By Jeff Kapembwa
AFRICA should maximise its Domestic Resource Mobilisation through retention of more than US$88 being externalised in Illicit Financial Flows (IFFs) and capital flight annually, and invest in climate financing to protect the environment and repair all related damages to the environment, it has been learnt.
According to the United Nations Economic Commission for Africa-UNECA, the continent was losing an average US$88 billion currently up from the US$55 billion which left the continent to offshore accounts by various uncouth economic players evading tax, which the think tank says should be captured and converted into climate financing.
Africa has in recent years been extending a begging bow to the Green Climate Fund and the United Nations Environment Programme (UNEP) seeking to raise resources in climate financing to reverse the damage caused to the environment by climate-change related actions, despite the continent emitting a paltry 4 percent of the total global emission, chiefly by developed Countries-China, India, United States and Japan, among other GreenHouse Gases (GHGs) emitters.

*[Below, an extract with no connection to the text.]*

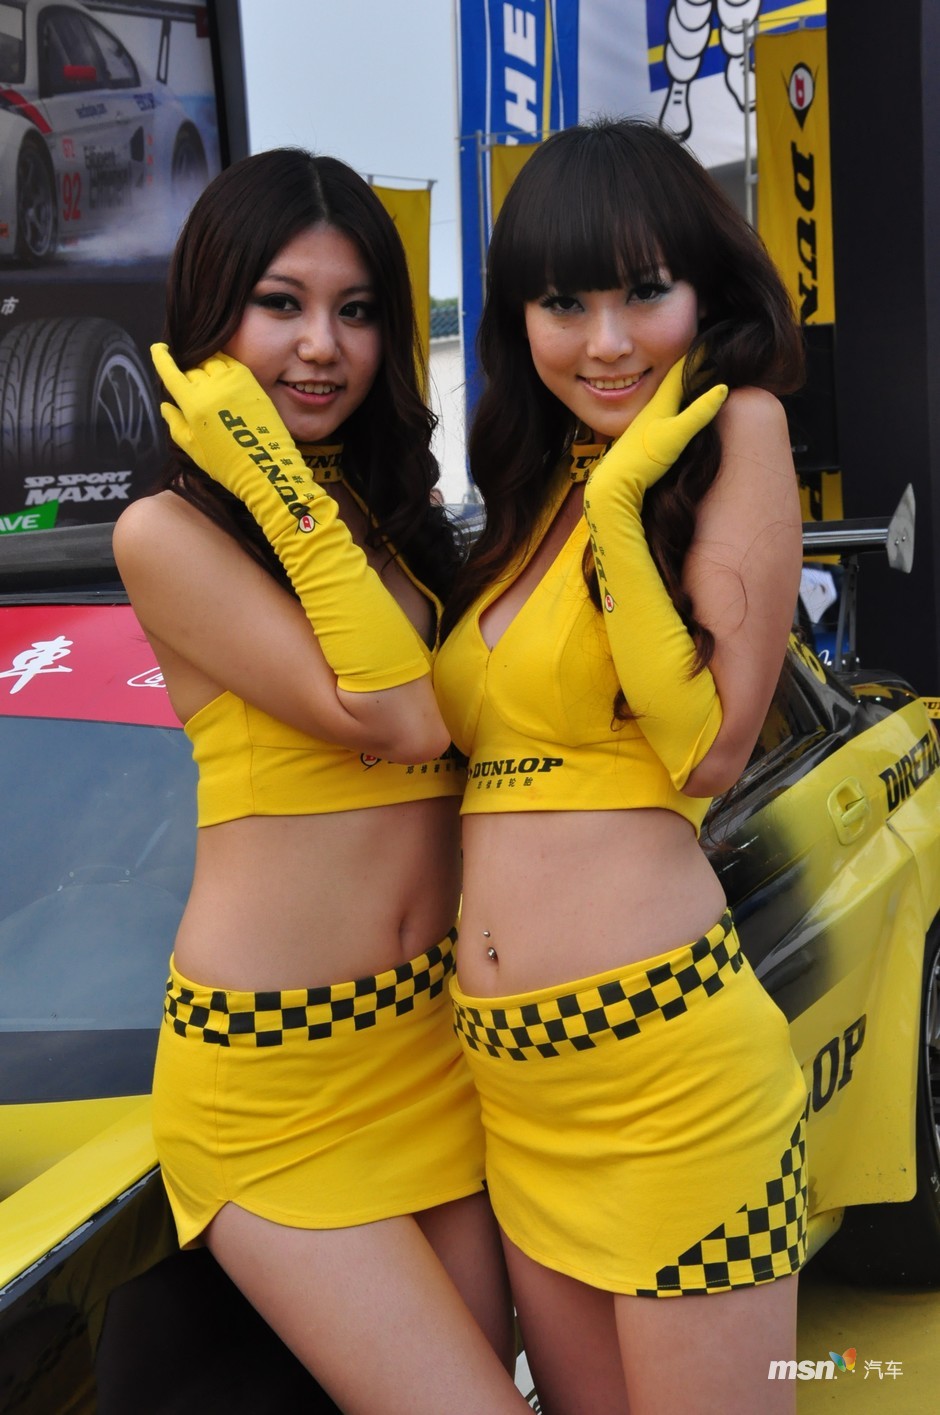 世界3大自動車イベントのル・マン24時間レースが11月7日、初めて中国で開かれ、選手らは珠海のサーキット場で激しい戦いを繰り広げた。サーキット場ではレースのほか、会場を盛り上げたレースクイーンがメディアの注目を集めた。

However, the United Nations and other players that met in Uganda during the Africa Regional Forum on Sustainable Development held from 6-11 April, sought to reinforce identified priorities for Africa which should be protected and help the continent develop, funds permitting, climate change being among the priorities.

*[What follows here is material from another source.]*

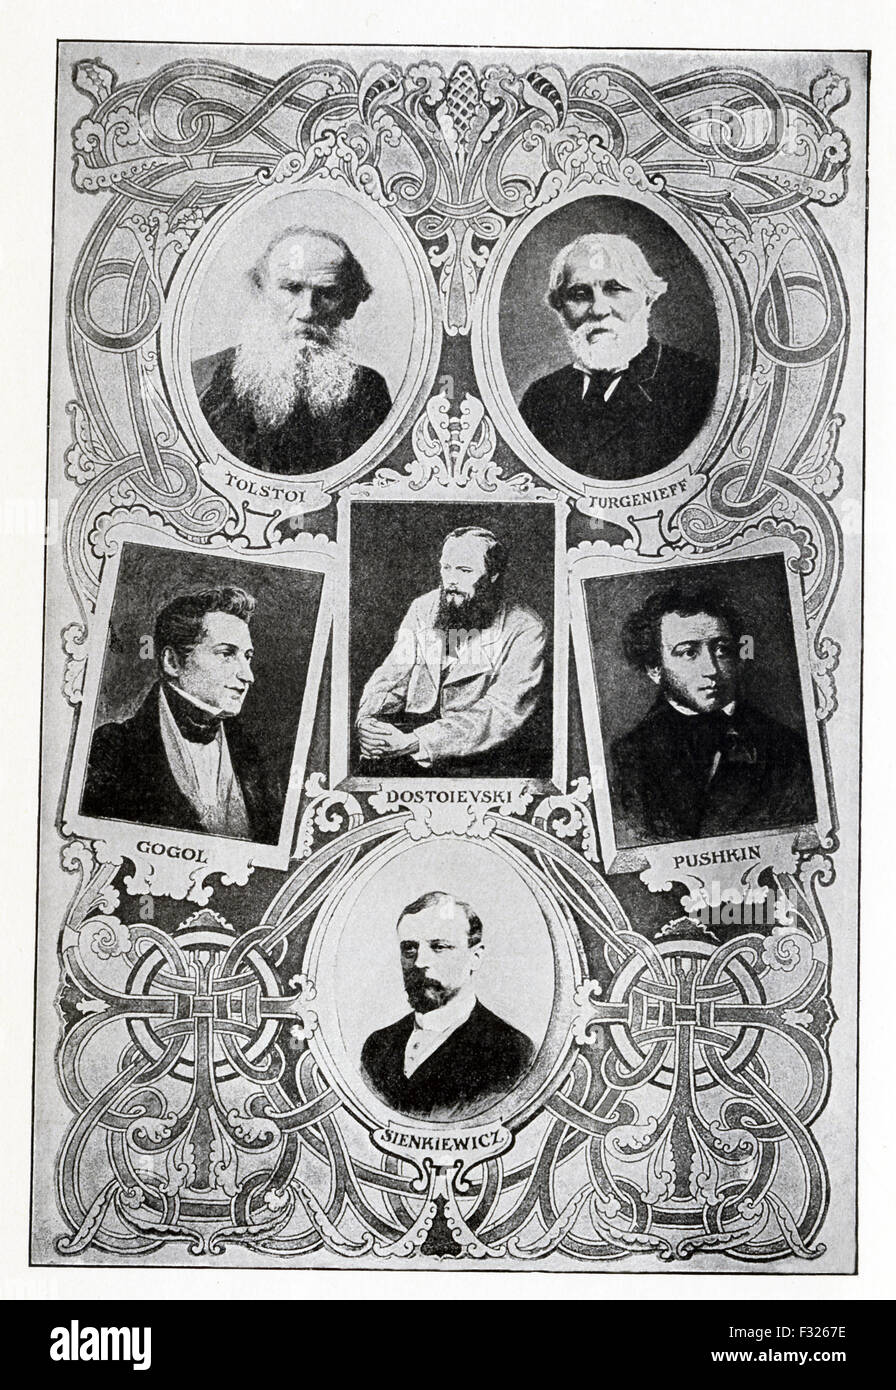 Die russischen Autoren, die hier abgebildet sind, von links nach rechts und von oben nach unten: Tolstoi (1828-1910), Turgenieff (Turgenjew) (1818 – 1883), Gogol (1908-1852), Dostojewski (1821-1881), Puschkin (1799-1837) und Sienkiewicz (1846-1916). Stockfoto

UNECA Director: Sub-regional Office for Southern Africa, Eunice Kamwendo, in a statement read in Lusaka during a tax forum and on behalf of Claver Gatete-the United Nations Under-Secretary-General and who is also Executive Secretary of ECA said it was time Africa resorted to enhance Domestic Resource Mobilisation.

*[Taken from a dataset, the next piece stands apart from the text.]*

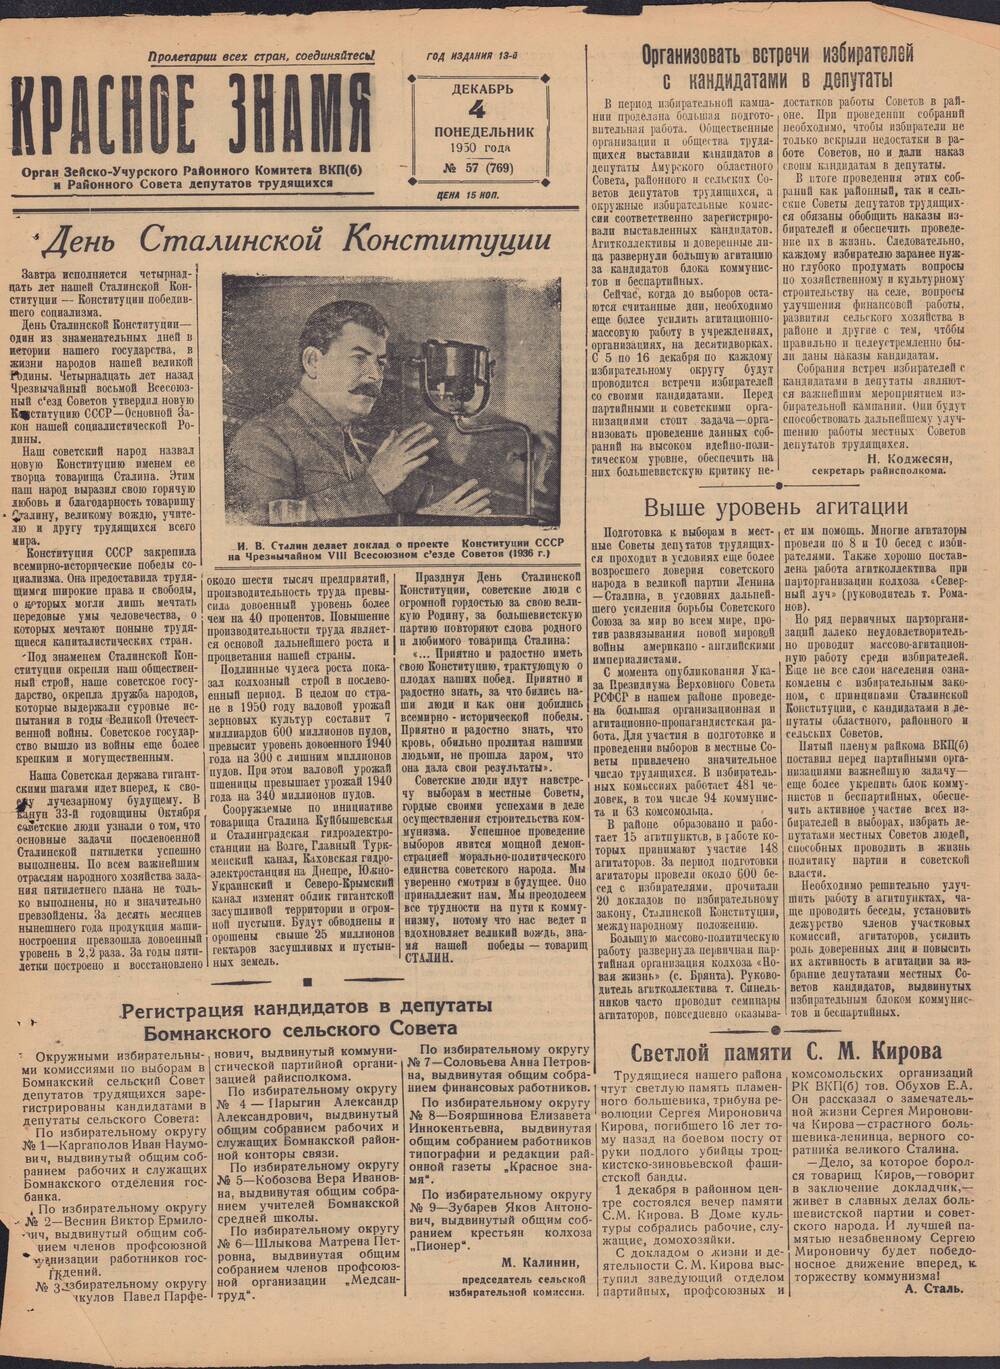 Газета Красное знамя №57 (769) от 4 декабря 1950 года.

Africa has grappled with resource curse and it was time to meet its own financial demands amid threats of drying coffers from the donor community.
Key among areas for financial mobilisation and to meet financing gaps for climate change was the untapped money externalisation from the continent by various players while evading tax, estimated around US$88 billion, with Zambia having its US$3 billion+ share of the losses incurred annually.
Dr. Kamwenda disclosed that climate financing is among one of the priorities identified that should benefit from the resources to be retained through stringent measures to be instituted to halt IFFs.
“Africa’s potential is immense. Yet, we face urgent challenges such as – inefficiencies, glaring resource leakages, mounting debt burdens, climate vulnerabilities, and insufficient representation in global development spaces including in financing institutions.” Dr. Kamwendo said during a Cub-regional meeting on taxation being held in Lusaka, arguing.
“If we do not act decisively, these issues will continue to undermine the continent’s development ambitions.”
Selected priorities that need funding and attention to redress Africa’s financial plight caused by the lack of sufficient tax collection to meet the continent’s needs and need reinforcement include strengthening domestic resource mobilization through expanded tax bases, digitalization, and smarter financial management.
Combating illicit financial flows and tax havens, which drain vital resources. Amplifying Africa’s voice in global tax negotiations, exemplified by our advocacy at the UN for the Framework Convention on International Tax Cooperation.
There is an urgent need to redress odious debt and promote transparent, responsible borrowing. There is dire need to ensure fair access to climate finance—grant and concessional loans—to support adaptation.
This is as given Africa’s disproportionate climate impacts. Valuing Africa’s natural capital and reforming climate finance protocols to ensure fair, sustainable financing; reforming blended finance mechanisms to support development while safeguarding future fiscal space are other priorities.
There is also a need to secure greater inclusion and influence in global financial institutions, – more seats, fairer representation, and impact-focused reforms. Africa should invest in digital infrastructure and public goods to bridge divides, catalyze growth, and promote equality. There is further need to Strengthen the monitoring and accountability frameworks to track progress on commitments made at FfD4.
Dr. Kamwendo remains optimistic that efforts to reverse the effects of IFFs as a collaborative team and supported by cooperating partners including ECA would help member states and the African Union to defray costs incurred in annual budgets to redress climate change.
ECA is desirous to see Africa stand on its own feet-financially after reversing IFFs by the close of 2030, according to Pan African Parliament (PAP) as the effort to unlock the continent’s under-utilized potential continues.
“Let us act with urgency and resolve, for the future of Africa depends on it.”